BizTalk Server: Grouping and Sorting Operations Inside BizTalk Maps Using the Muenchian Method

Introduction

Grouping is a common problem in XSLT style sheets, and is really simple to accomplish using XSLT 2.0 however, using XSLT 1.0 can be a challenger trying to accomplish the end result and at the same time keep your eyes on performance.

Making available instruction like xsl:for-each-group for iteration across a series of groups and with the possibility for setting criteria for grouping:  group-by, group-adjacent, group-starting-with, or group-ending-with, XSLT 2.0 makes grouping really easy and optimized. **The main problem is that BizTalk Server only supports XSLT 1.0! **

One of the more challenging things to do in XSL 1.0 is grouping and sorting operation. XSLT 1.0 lets you sort elements, however, it will force you to jump through several hoops to do anything extra with the groups that result from the sort. To accomplish this we need to use custom XSLT and there is no simple syntax to write this type of XPath query in XSL 1.0.

When grouping nodes, we also think in sort things to get them into a certain order, then we group all items that have the same value for the sort key (or keys). We'll use xsl:sort for this grouping, then use variables or functions like key() or generate-id() to finish the job.

Using preceding-sibling expression

The preceding-sibling axis contains all the preceding siblings of the context node; if the context node is an attribute node or namespace node, the preceding-sibling axis is empty.

Basically, the expression checks the value of every preceding-sibling and returns True when none of the preceding-sibling elements have the same value that we are validating or False otherwise. This expression is used in conjunction with xsl:for-each element.

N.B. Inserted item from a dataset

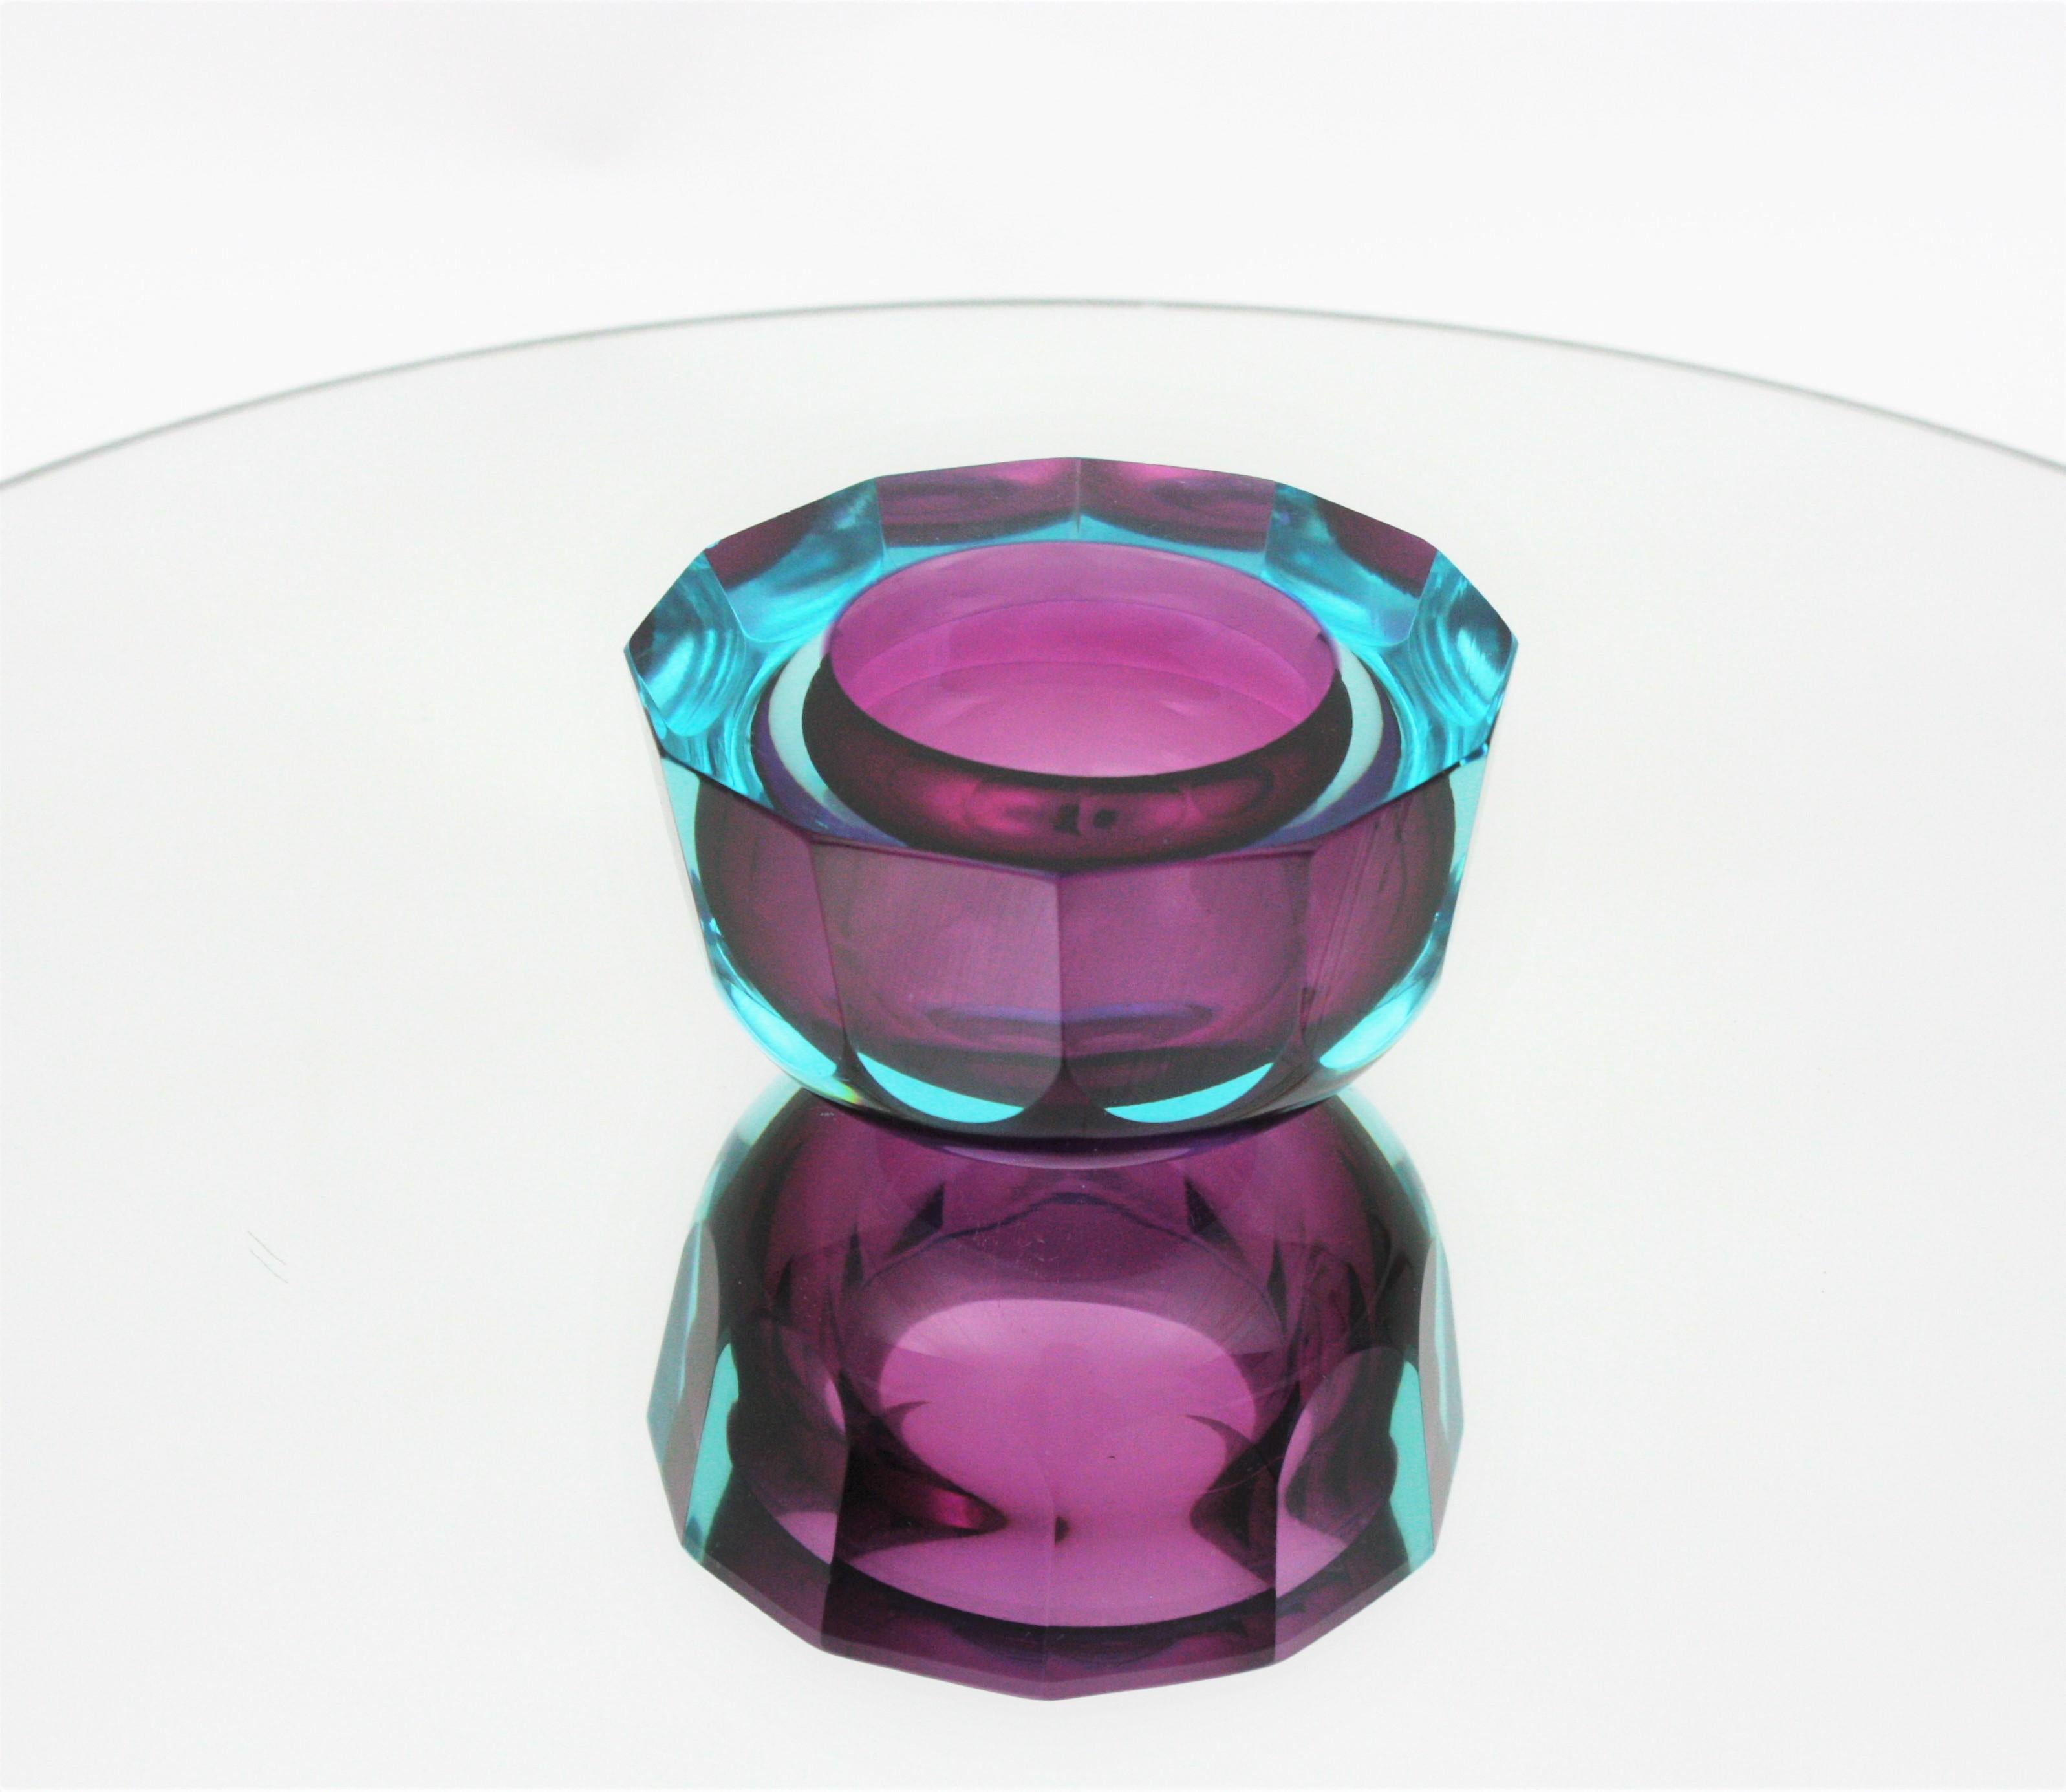 Moderne Mitte des Jahrhunderts Flavio Poli für Seguso Vetri d'Arte runde facettierte lila/ und blaue Murano Glas Sommerso Schale, Italien, 1960er Jahre.
Diese mundgeblasene Glasschale besteht aus violettem Glas, das in blaues Glas getaucht ist.

The xsl:for-each element will loop through the first occurrence of each unique grouping value and the preceding-sibling expression will validate the previous existence, emulating this way the existence of a list of unique values.

The following is a list of resources that explain how to accomplish this:

This algorithm is not efficient for large messages, but work well for ‘normal’ messages. For large messages Muenchian method is generally more efficient than using preceding-sibling.

The trouble with this method is that it involves two XPaths that take a lot of processing for big XML sources.  Searching through all the preceding siblings with the 'preceding-siblings' axis takes a long time if you're near the end of the records.  Similarly, getting all the elements with a certain value involves looking at every single element each time.  This makes it very inefficient.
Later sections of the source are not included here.